Mrs. Wiggins had only one caveat - if you took lessons, you performed at the end-of-school-year piano recital, at the little red brick Baptist church around the corner. On the stage. Where the pianist played every single week. I'd only been on that stage a couple of times, and it had been an overwhelming deer-in-headlights experience (other stories for other days).

I don't remember what I wore or who came to hear me play the day of the recital. I do remember Mrs. Wiggins calling my name, and walking up to the front, sitting down at the bench and pretending a sea of faces wasn't staring at me, waiting.

We probably had to perform two pieces; if so, the first has slipped into oblivion. I have no recollection. What I do still recall crystal clear, fifty two or so years ago, was sitting down on that skinny wooden bench, and beginning to play Shortnin' Bread. Mama's little baby loves shortnin' shortnin'.... And somewhere in the middle of it all, the black marks on the page began to swirl and twirl and I was completely frozen by the fear of all those eyes trained on me.

I was SO lost there was no finding the right place, at least in my mind. So instead I began to improvise, play chords and scales up and down the keyboard, until finally I felt I'd played long enough that the piece needed to end, so I ran my fingers up the keys, where I suspect I ended in a tinny sounding high C or so.

I stood up from the bench, turned and curtsied, because that's what good southern girls do after a piano recital, whether you've played to perfection or massacred your piece, then I walked back to the pew, eyes looking down at the floor, and slid in beside my mother.

I'm confident everyone in that little church knew what Shortnin' Bread should sound like, and that I had somehow diverted from the original.

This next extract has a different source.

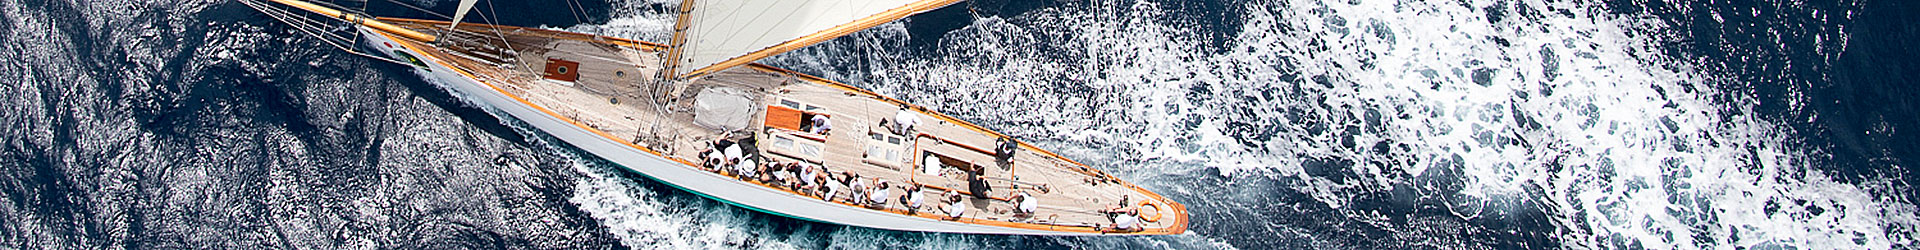 sito ufficiale della regata | Rolex Giraglia risultati | Giraglia classifica | YCI Genova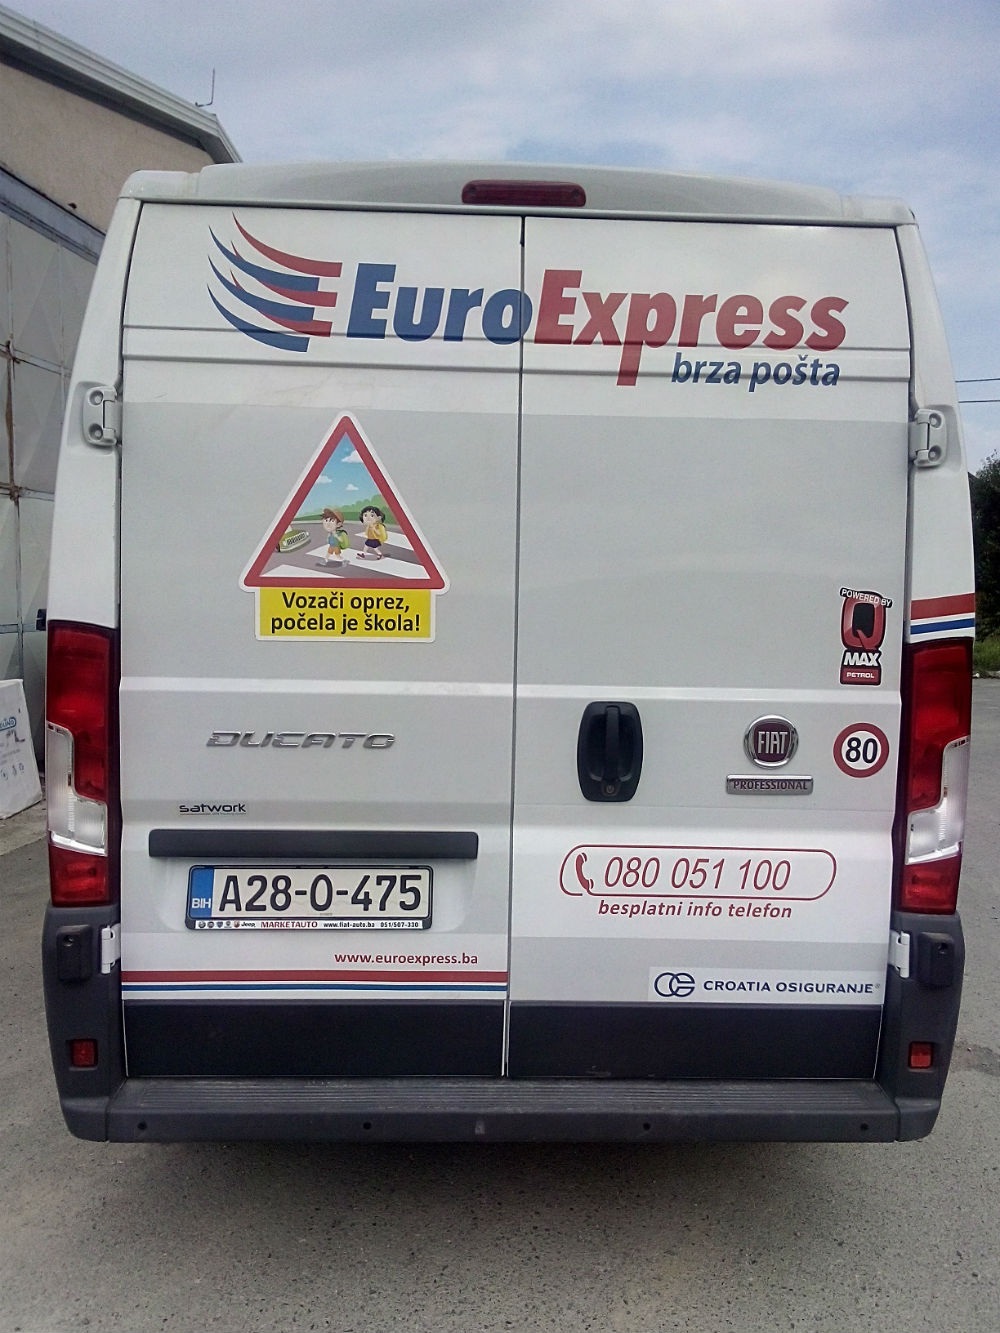 EuroExpress pokrenuo akciju 'Vozači oprez! Počela je škola!'

I'm sure Mrs. Wiggins realized when I lost my way, and the notes went wonky, that there was no going back.

She never said a critical word to me about my playing; rather, she told me I'd done a grand job.

So today, fifty plus years later, I take weekly piano lessons from the dearest of women, a former elementary school music teacher, who puts so much more into my lesson than my fee could cover. And she doesn't require her few adult students to participate in the end of year ritual. But I go and sit, and listen, and applaud her other, fifty years younger students at the end of every year of lessons, to honor all those teachers out there who put so much more into teaching than they will ever recoup, in fees or even in ability of their students usually.

Mrs. Wiggins' little boy died of leukemia while I was still living down the street; he was about four years old and I was just a little girl so I didn't understand what she was surely going through. Now, all grown up and exempt from piano recitals, but still playing, I understand that the music and those little warm bodies climbing up to sit next to her on the bench was likely salve for her hurting soul.

I've bought a copy of the sheet music for Shortnin' Bread, and this summer, while my lessons are on hold, I plan to learn to play it, to honor my mother, who went to such lengths to buy me a piano, and find a way for me to have lessons we could not afford; for my current dear teacher who has played through her own losses in life, and for Mrs. Wiggins and the little boy who no longer sat by her side. 

Comments

Vicki said…
So remember that song! Love your memories!